## AVAILABLE DATA:
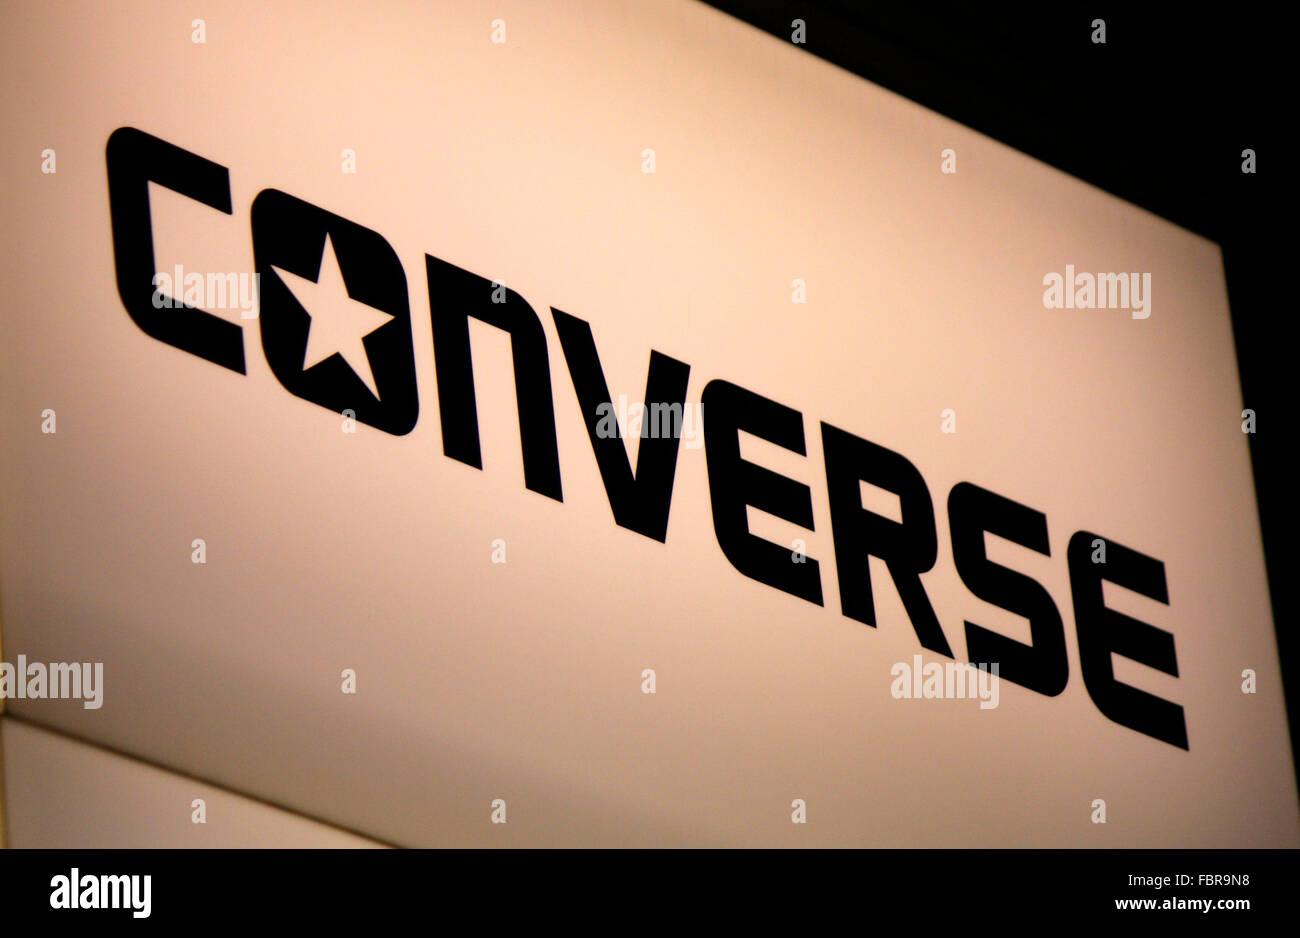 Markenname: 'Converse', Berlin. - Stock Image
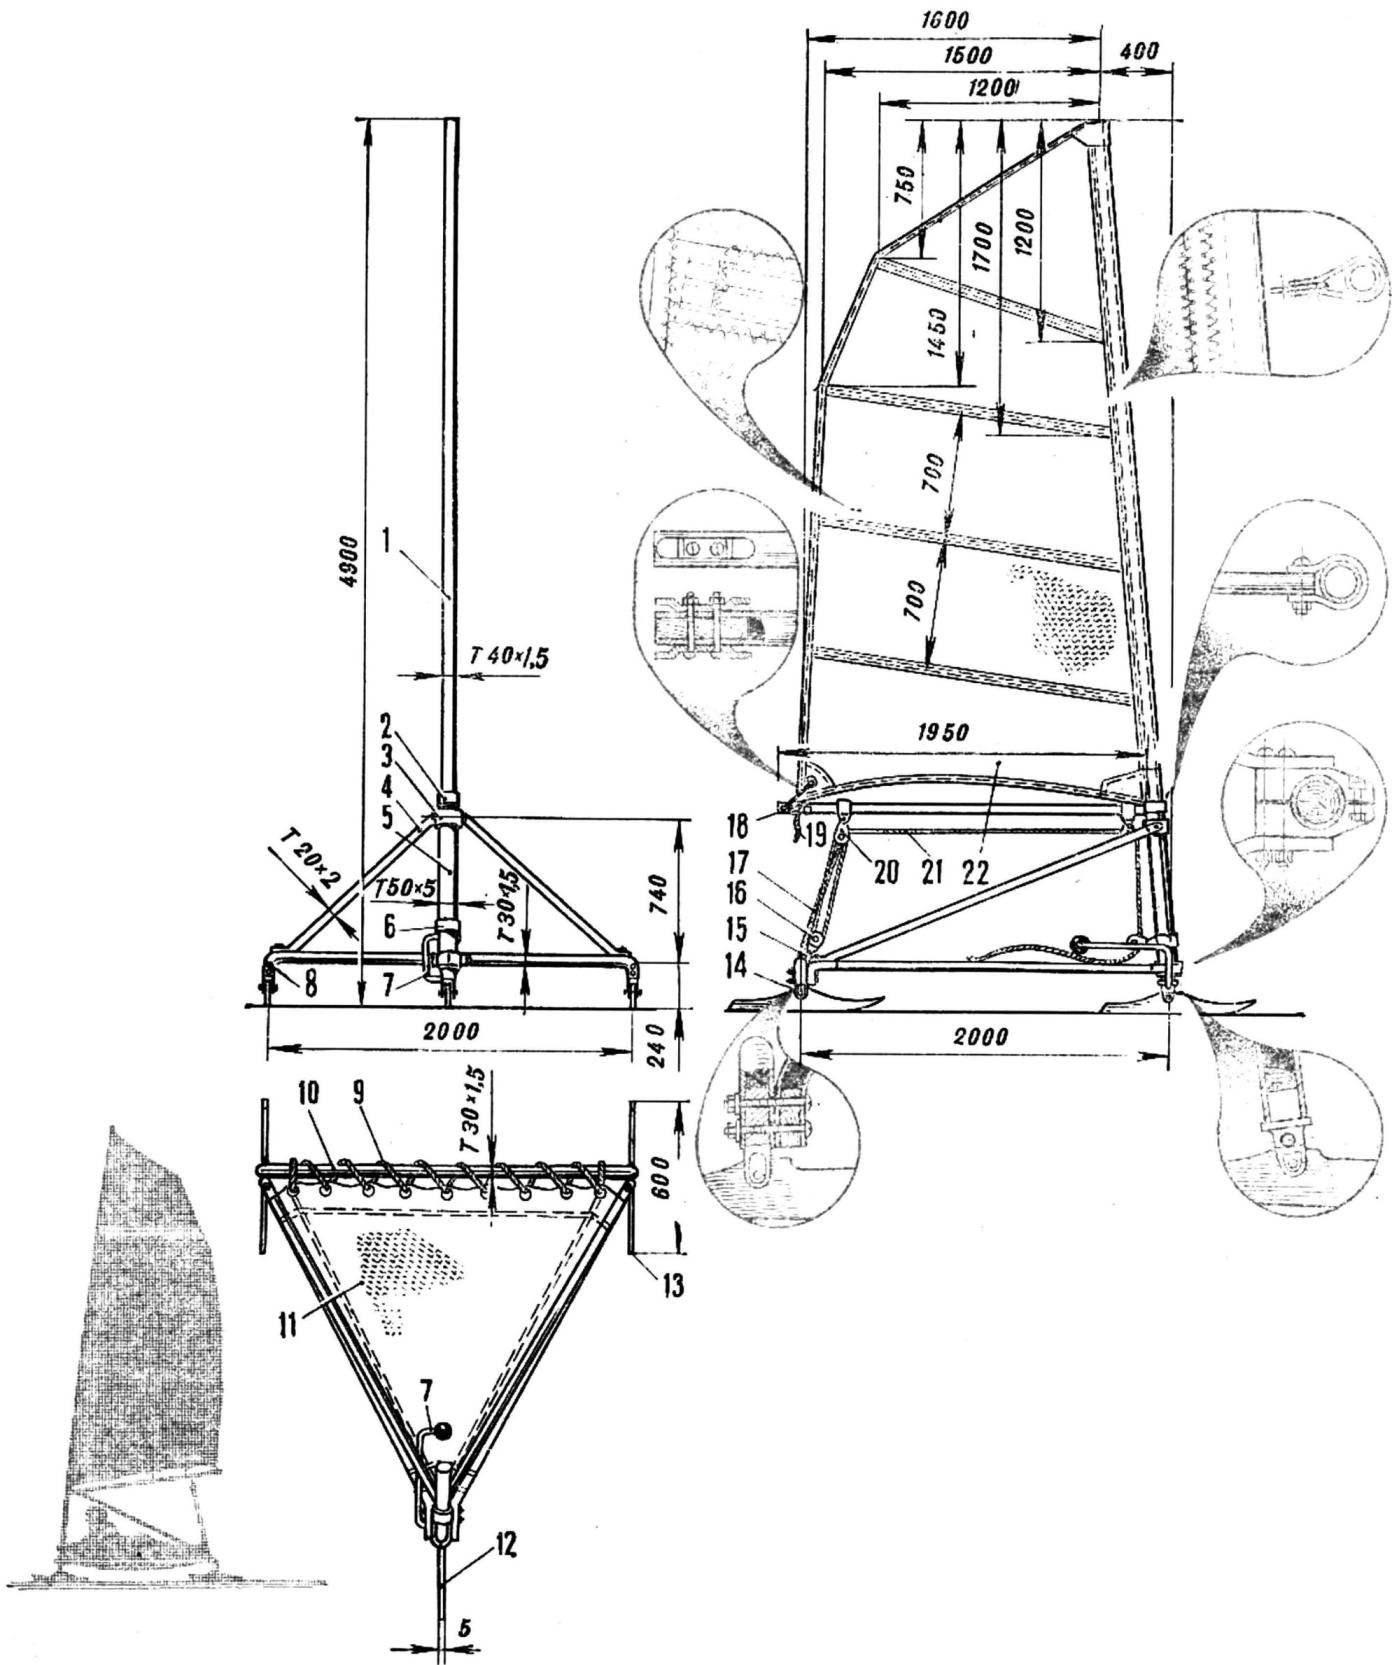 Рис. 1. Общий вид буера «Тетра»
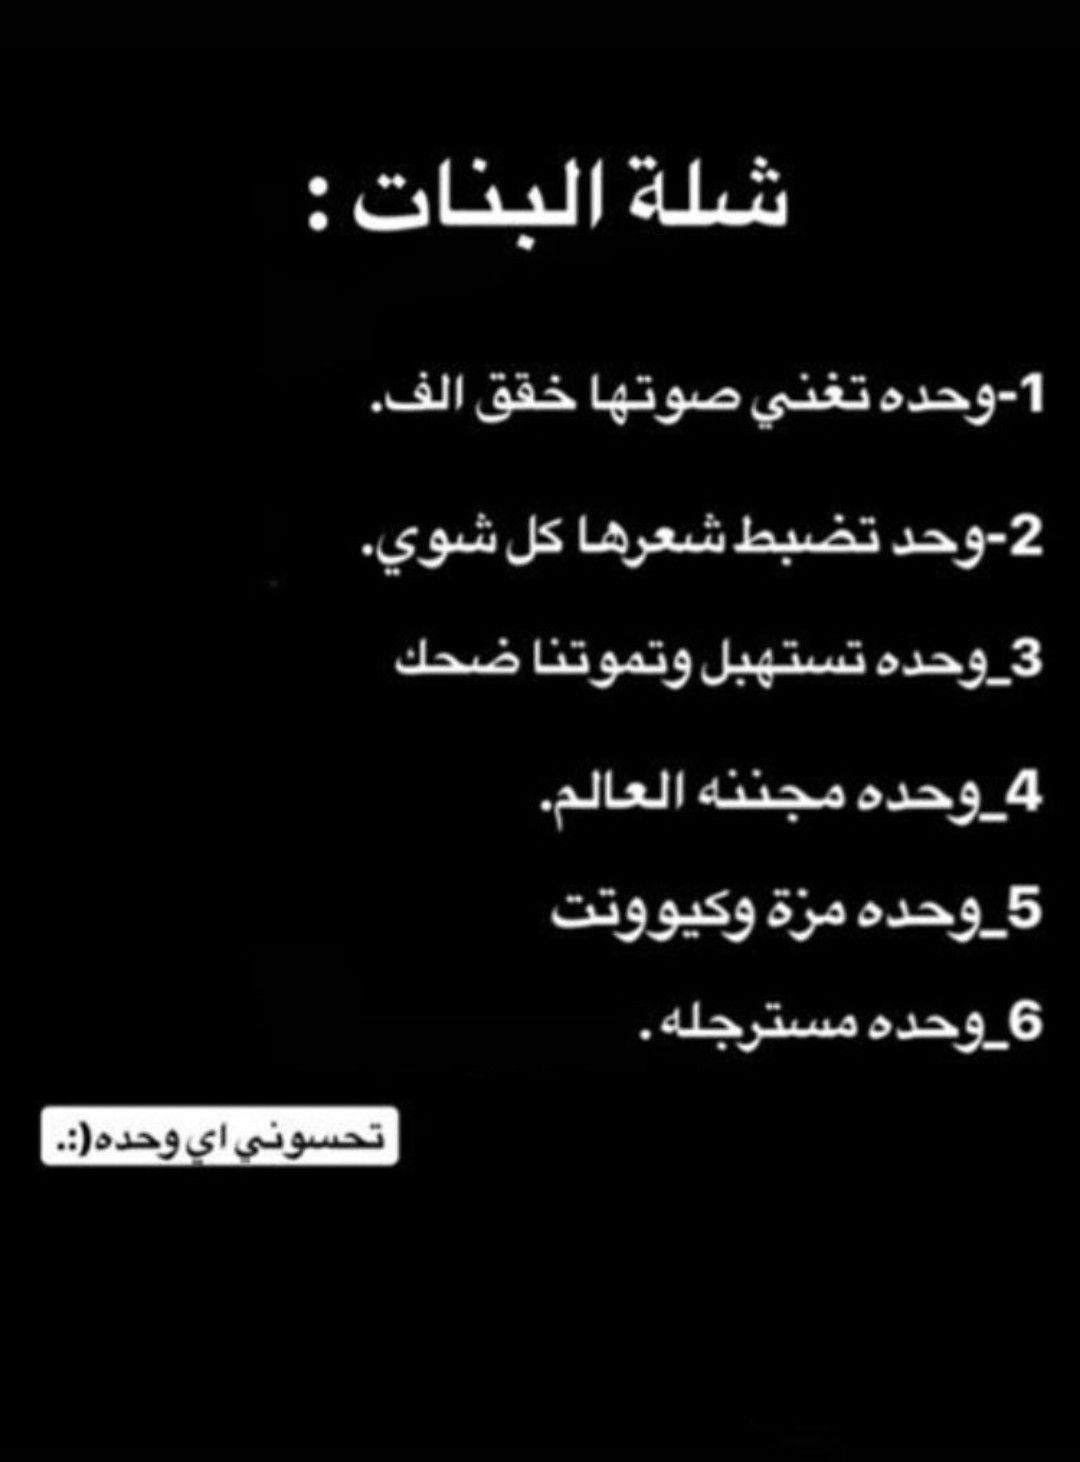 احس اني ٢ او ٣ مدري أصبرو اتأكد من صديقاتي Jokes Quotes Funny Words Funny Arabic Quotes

## WHAT IS BEING ASKED:
Repeat the data exactly, without the pictures.

## RESPONSE:
 Markenname: 'Converse', Berlin. - Stock Image
 Рис. 1. Общий вид буера «Тетра»
 احس اني ٢ او ٣ مدري أصبرو اتأكد من صديقاتي Jokes Quotes Funny Words Funny Arabic Quotes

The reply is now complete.